DRUGS-HONDURAS: Accord will Violate Sovereignty, Officials Say

Thelma Mejia

TEGUCIGALPA, Jun 19 1996 (IPS) - An anti-drug accord to be signed with the United States has awakened fears in the government and parliament of Honduras that national sovereignty will be violated and the country will become a “rented republic.”

Attorney-general Edmundo Orellana said the accord will be beneficial for the country but that the terms of it must be carefully studied, because “national sovereignty must not be yielded.”

The United States wants the agreement due to be signed within the next three months to authorise the entry of its boats and aircraft into Honduran territory for operations against drug traffickers, which would be under the direction of the U.S. Drug Enforcement Agency (DEA).

According to preliminary versions of the accord made public by the press, the functions of the DEA would be backed by diplomatic immunity, and its operations would be carried out without the need of local authorisation.

“We have made some objections, because accepting the accord the way the United States wants it to stand would be to violate our national dignity. And we are not prepared to accept such actions,” said Orellana.

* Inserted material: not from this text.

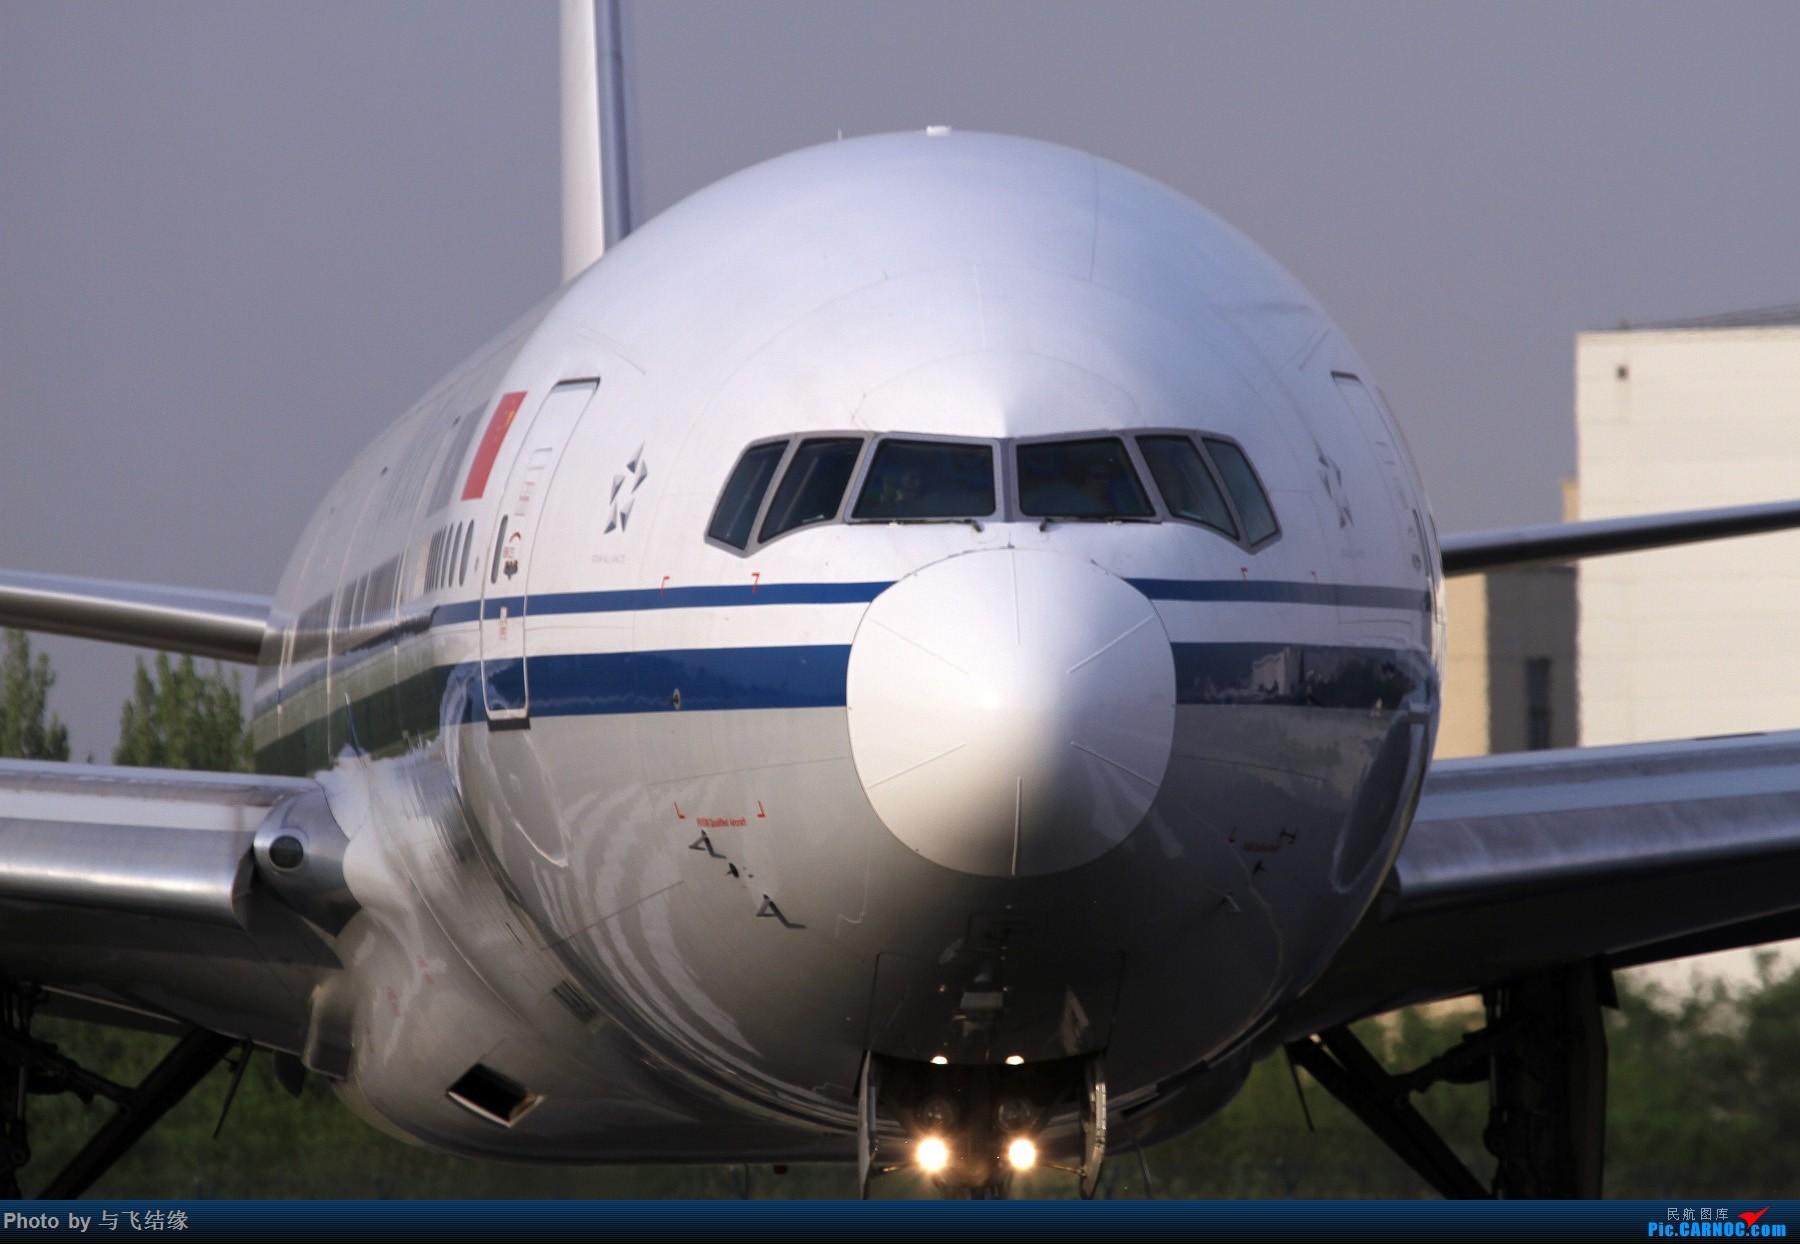 Re:[原创]中国国际航空公司Boeing 777-300ER,B-2043特写组照! BOEING 777-300ER B-2043 中国北京首都国际机场

He added that Honduras has proposed the participation of local personnel in the anti-drug operations – a suggestion that has been resisted by the United States.

The president of the congressional Commission against Drug Trafficking, Carlos Sosa, who recently announced the upcoming treaty, said it will curb drug trade activity in the country. But lawmaker Byron Suazo of the governing Liberal Party countered that the accord is an attack on sovereignty, and warned that the United States “will practically come in as if it owned the place.”

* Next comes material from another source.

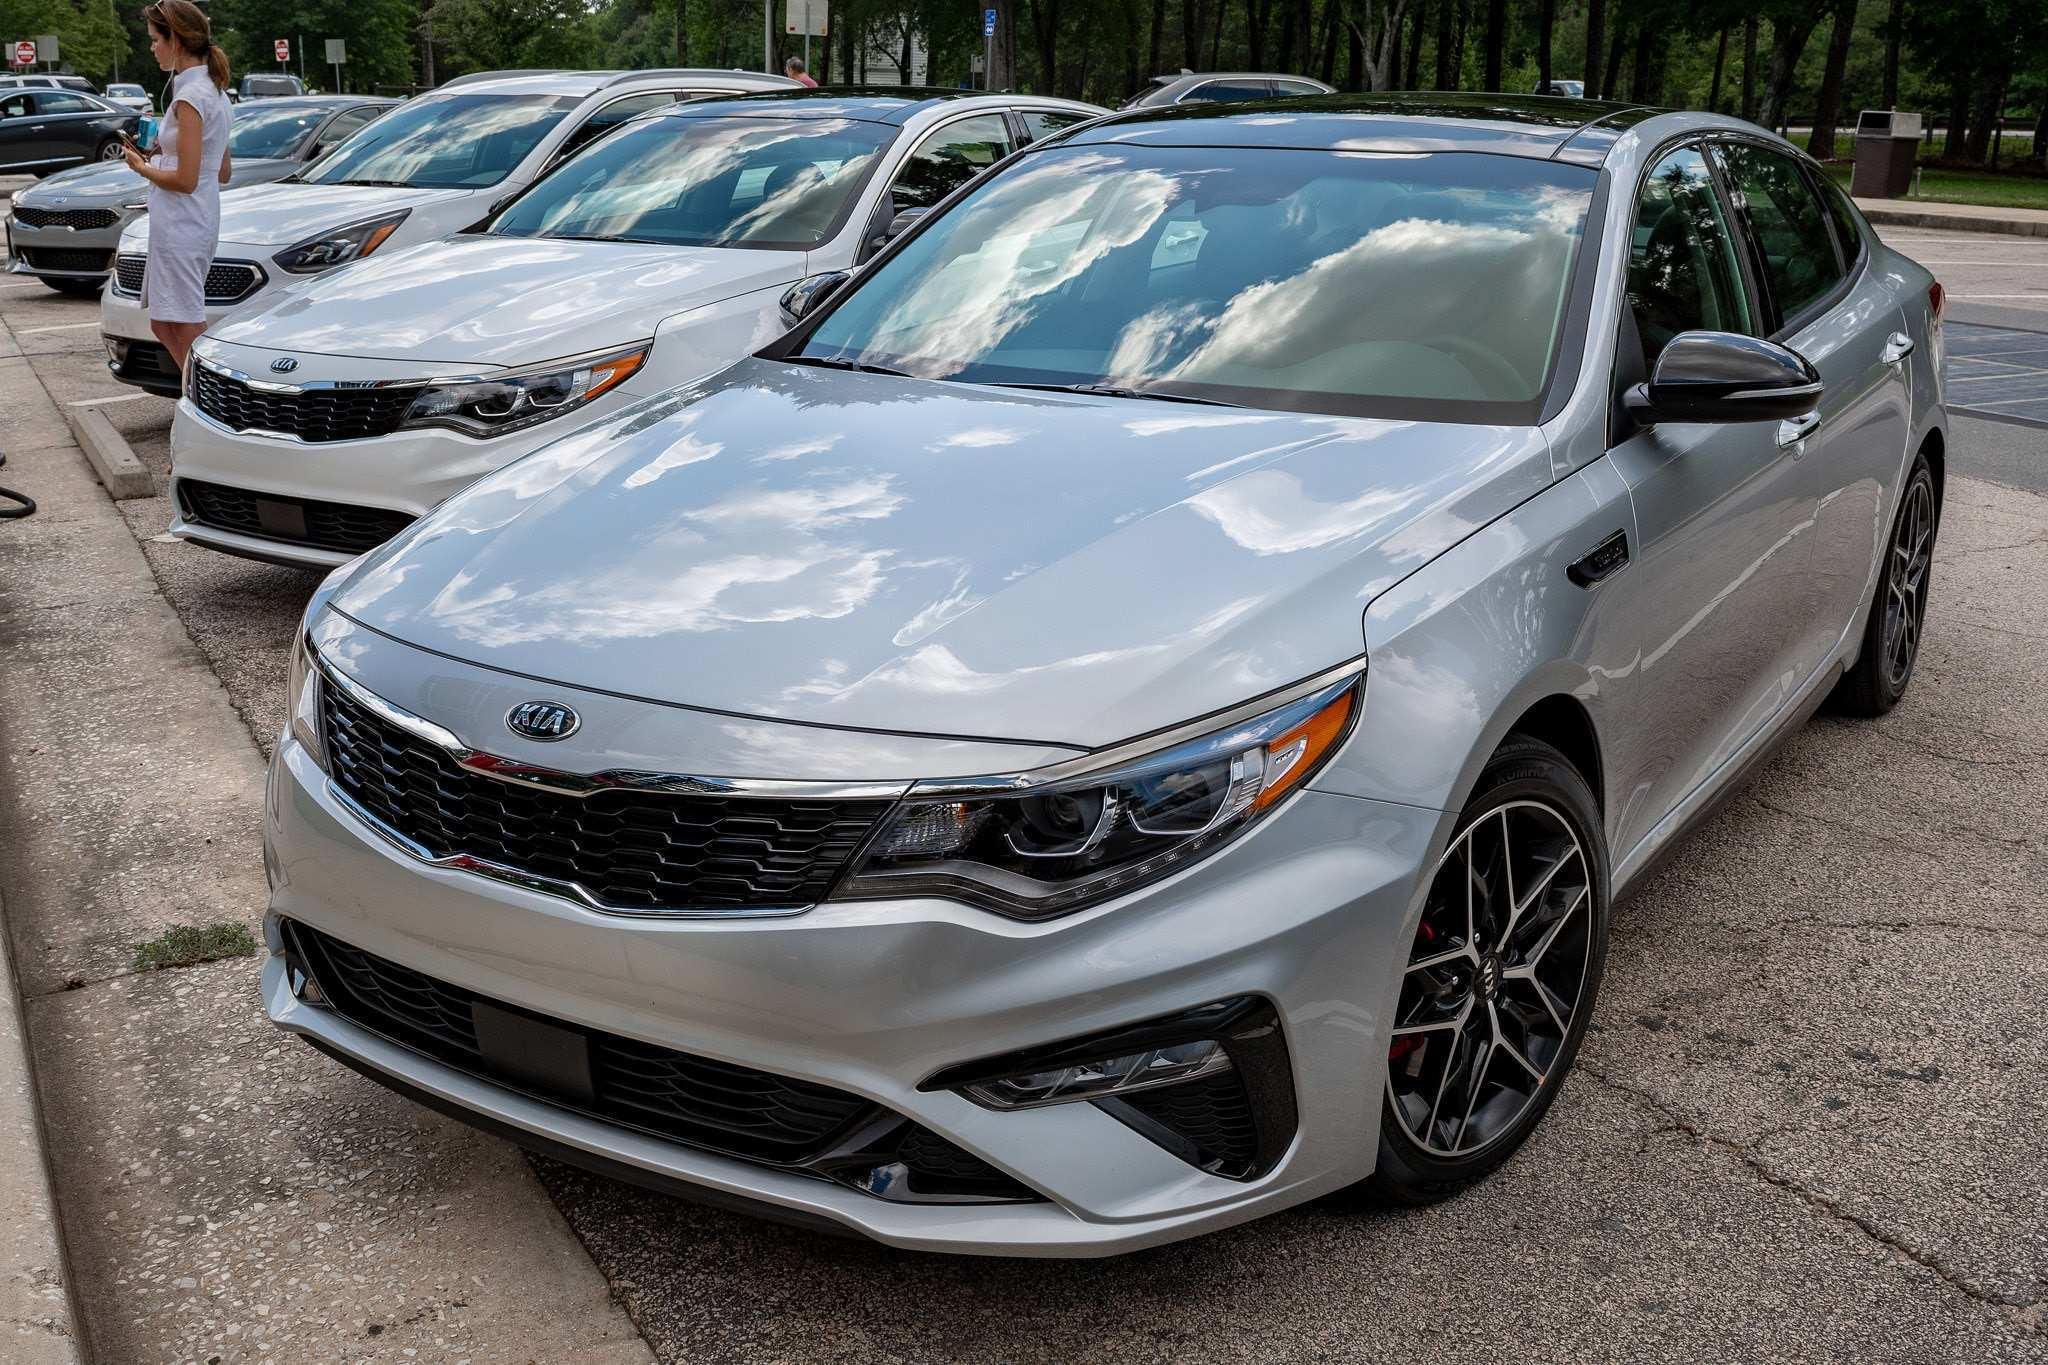 57 New 2019 Kia Optima Specs Redesign and Concept with 2019 Kia Optima Specs

Honduran President Carlos Reina said this week that “national sovereignty will not be violated under any conditions….We would never allow violation of sovereignty. On the contrary, what the convention will do is help Honduras and humanity in the fight against drugs.”

Sosa insisted that Honduras will exercise full sovereignty, and that the negotiations respond to a new U.S. stance regarding that concern. Countries like Costa Rica, Belize, Jamaica, Guatemala, Nicaragua and Panama form part of the new U.S. anti-drug model, he said, “which far from violating sovereignties, seeks to generate technical assistance for an effective fight against drug trafficking.”

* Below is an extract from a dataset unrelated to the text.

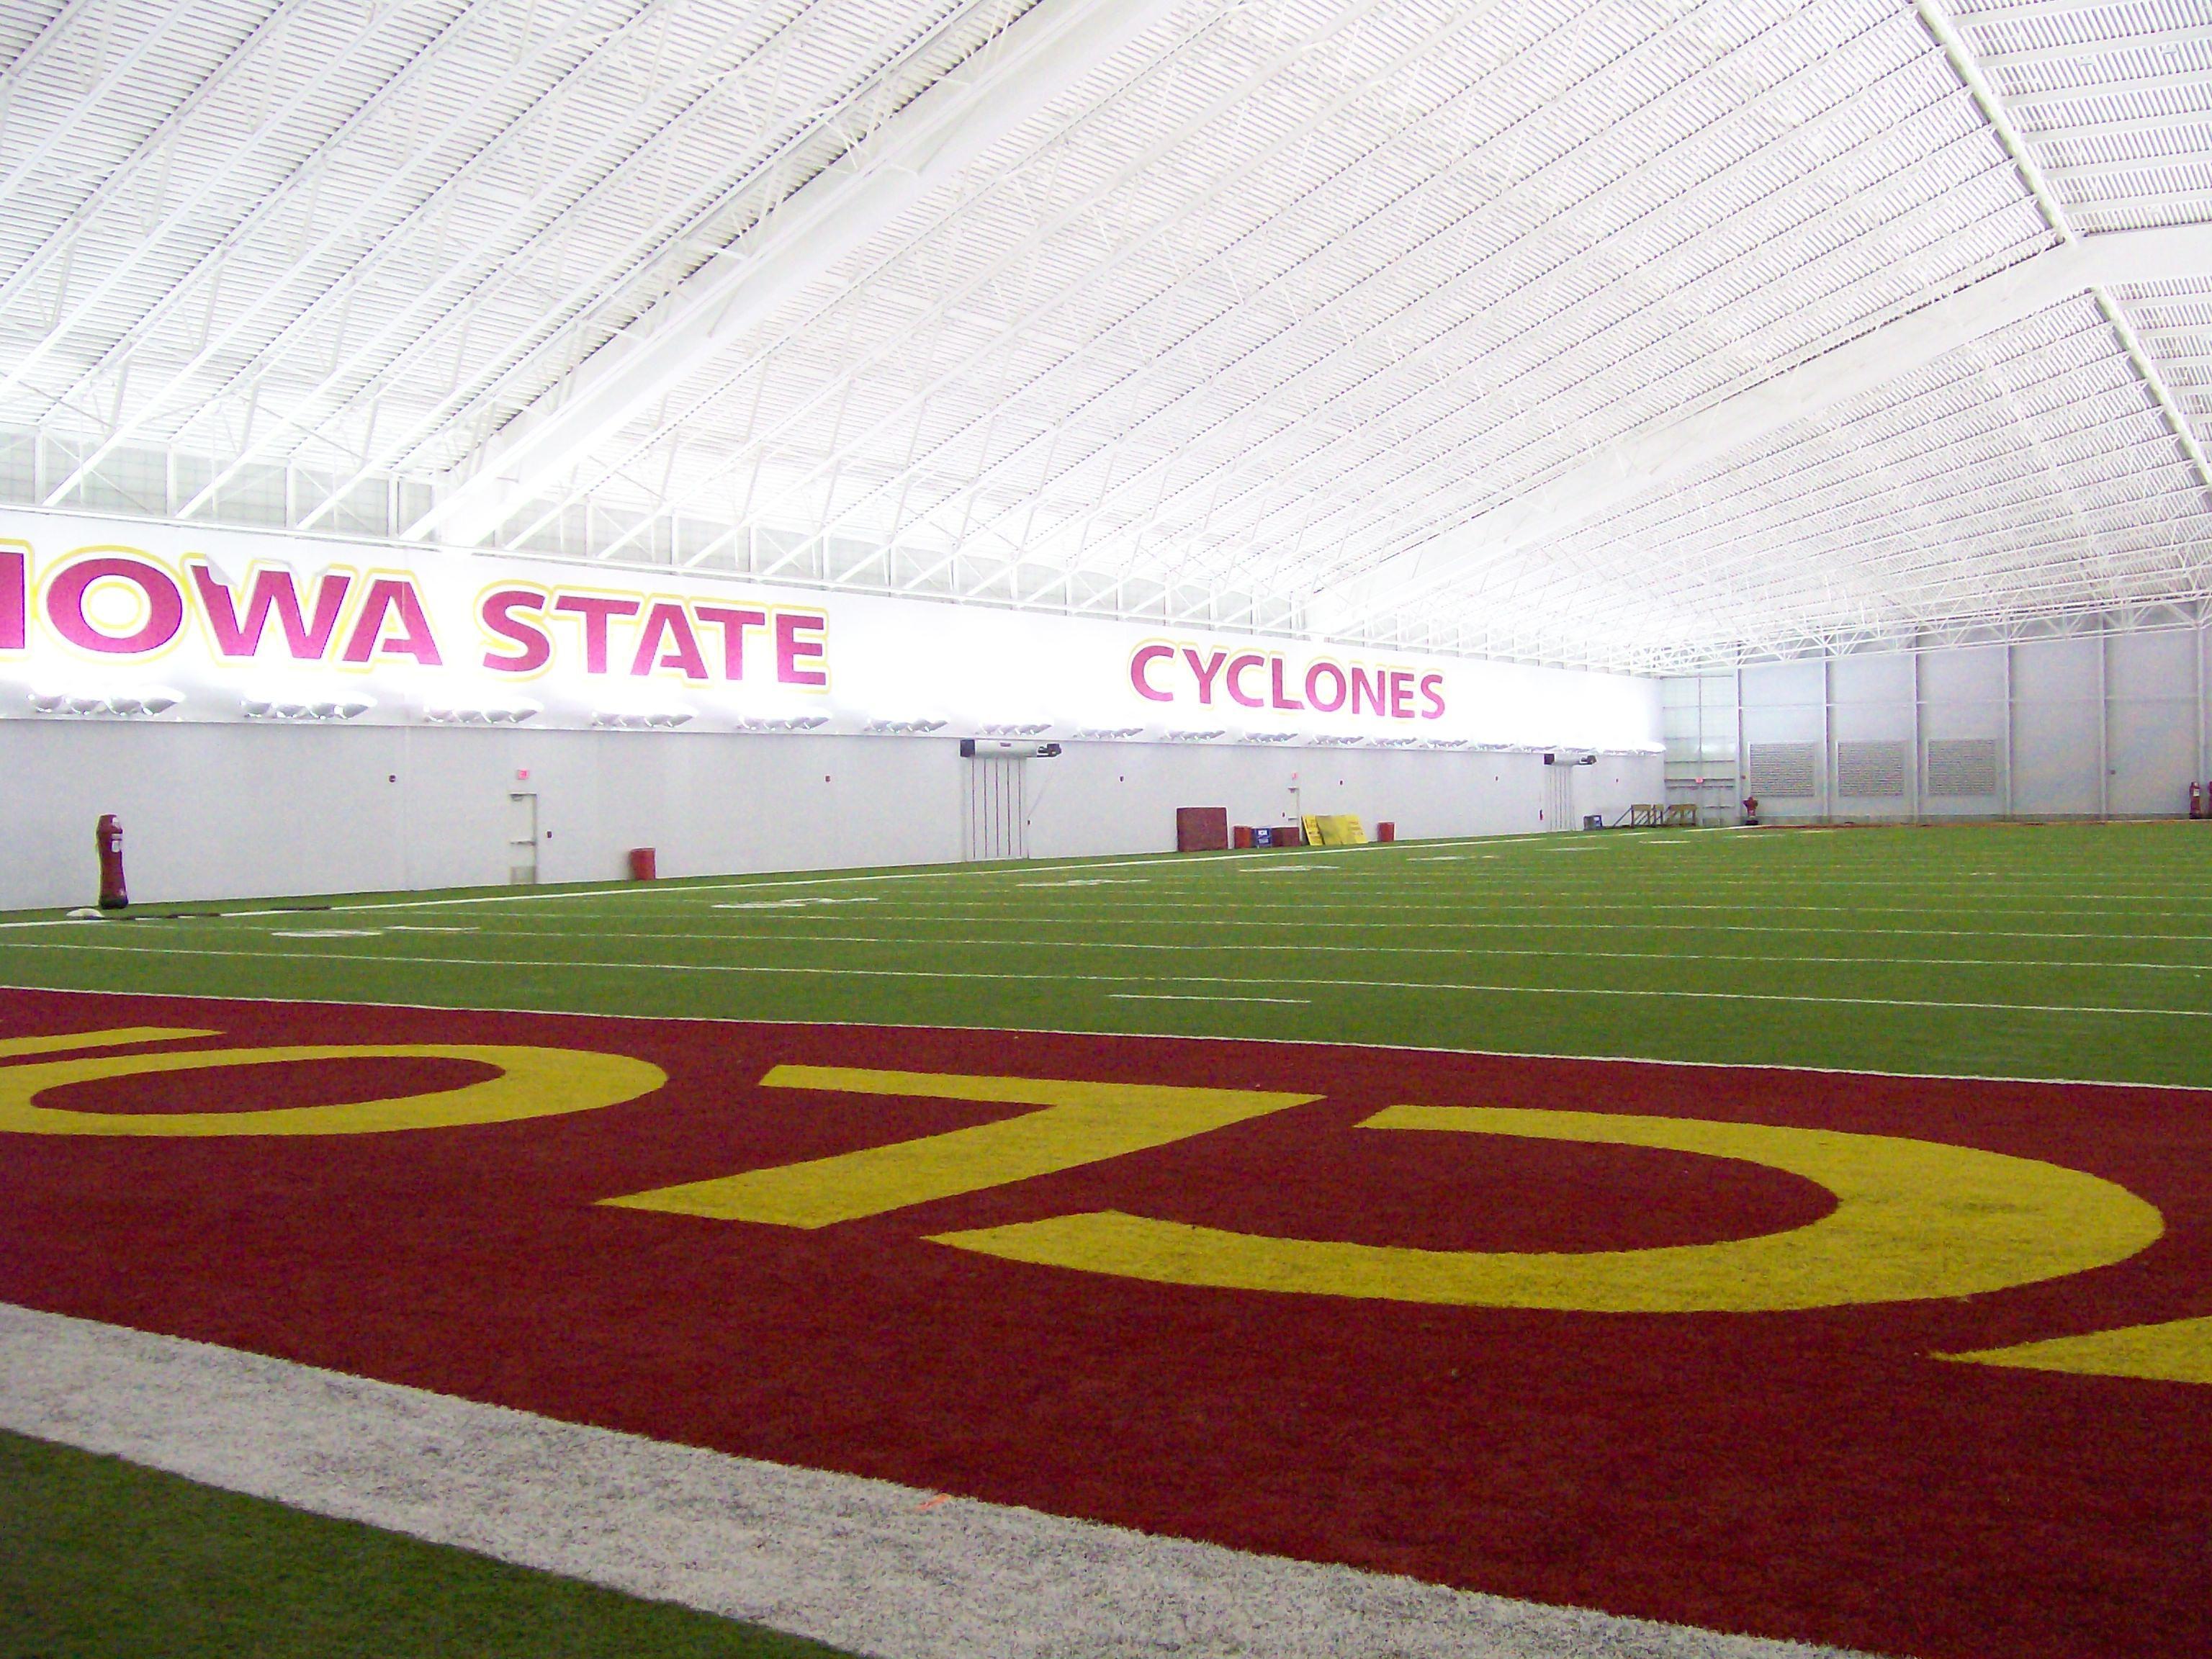 Iowa State Cyclones Footbal Team S Bergstrom Indoor Practice Facility Iowa State Cyclones Football Iowa State Football Iowa State

The spokesman for the U.S. Embassy in Tegucigalpa, Paul Koselka, said DEA participation is urgently needed in anti-drug operations.

Negotiations of an accord with the United States have stemmed from the growing presence of drug traffickers in Honduras over the past six years. The country has evolved from a bridge in the drug trade to a money laundering consumer nation rumoured to be equipped with small cartels and cocaine laboratories.